Re: [svgwg] SVG2 spec means elements within a <use> tag can not be targeted for styling

We just found our way to this thread after the breaking change killed our site in the newest versions of Firefox.  I'd like to express my dismay at this change to the spec and strongly ask/suggest/beg/implore that it be reconsidered in the SVG 2 spec.  

The V1 approach was significantly better.  The V2 approach essentially violates the underlying premise and value of CSS, largely eliminates the value of <use>, and, I would argue, makes it impossible to do interesting and complex things with SVG. 

I can see why the implementation would be significantly simpler, but the new approach has the potentially to largely undermine SVG as a useful tool, and 100% of the browsers already had working implementations of the SVG 1 approach (albeit not quite standardized).

CSS was intended to allow you to style objects based on their context.  Unless I'm missing something, the new 'improvement' is styling a template statically and then reinstantiating the styled element.  If we've learned anything in the last decade, it's that styling elements based on their context is a good thing.  CSS was such a bit hit because we could now put the same HTML in two places and have it do wildly different things based on styling rules.  It largely fulfilled the dream of separating structure from style.

SVG2 appears to eliminate this possibility for SVG elements that are instantiated with <use>, which kills the usefulness of <use>, which then leads to having to repeat code everywhere just so you can style it.  This is demonstrated in the codepen solution.  The structure of the chevron is repeated twice just to get two different styles.  

To use a mediocre analogy of cookie cutters and cookies, SVG 2 appears to allow us to only style the cookie cutters but not the cookies.  And if you've ever decorated cookies, you know that the interesting part is that each cookie shares a structure but can be decorated with different styles on a per cookie basis.  We might have a cookie cutter for a star, and a moon, and a little man (structure).  But from those three cutters, we then instantiate many cookies and with unique icing and M&M decoration (style).

With SVG 2, now we appear to have to create 1000 cookie cutters.  Further, having them adjust based on the dynamic nature of web pages is now impossible.  This is truly a step backward.  For styling to be useful, you need to be able to style each individual element based on its position and context in the DOM.  If styling has been handicapped to the point that it can't cross the shadow DOM barrier, it's no longer useful since we can't use the DOM context to determine the style.  

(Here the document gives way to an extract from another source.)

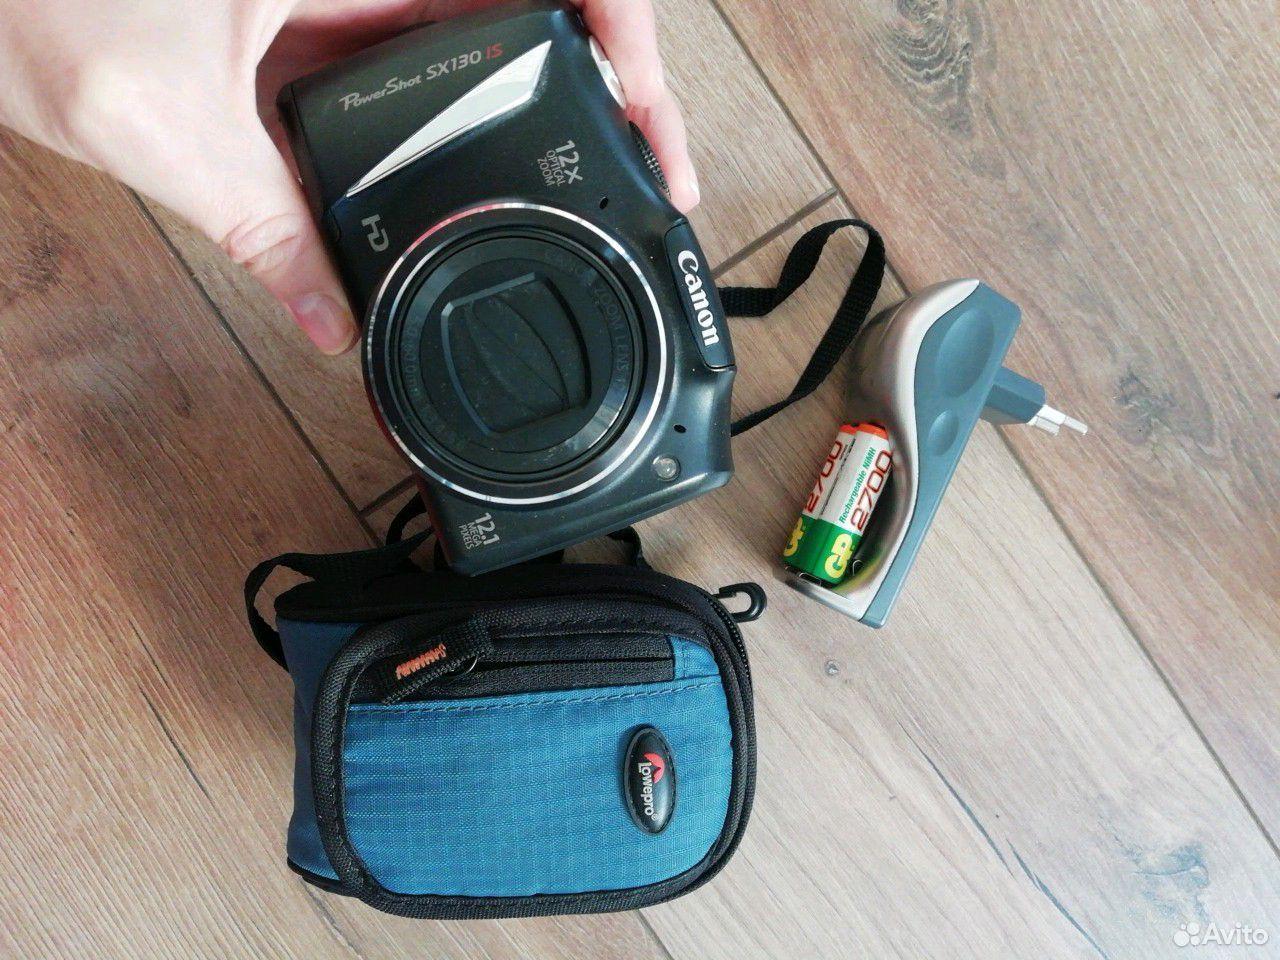 Фотоаппарат Canon+аккумы+зарядка+чехол  89185481344 купить 1

Cookies that appear in a "Christmas" div should have red and green stripes and cookies that appear in an "Easter" div should have pink and blue stripes, and sometimes pink and yellow stripes if the cookie has been marked as "selected" by the user.  

Without complex selectors that cross the DOM boundary, <use> is reduced to acting like a server-side include. Yes, if I want 1000 cookies, 500 of which are identical to one template and 500 of which are identical to another (the chevron example), then the SVG 2 spec makes sense.  But this is not the common or interesting case.  

If I've missed something and there's a way to style an individual sub-element within a <use> instantiation based on where that <use> appears in the DOM, then forgive my passionate plea.  But if SVG 2 just made basic CSS styling based on context impossible, then please (!!) reconsider, particularly given that it was already implemented and working in every major browser.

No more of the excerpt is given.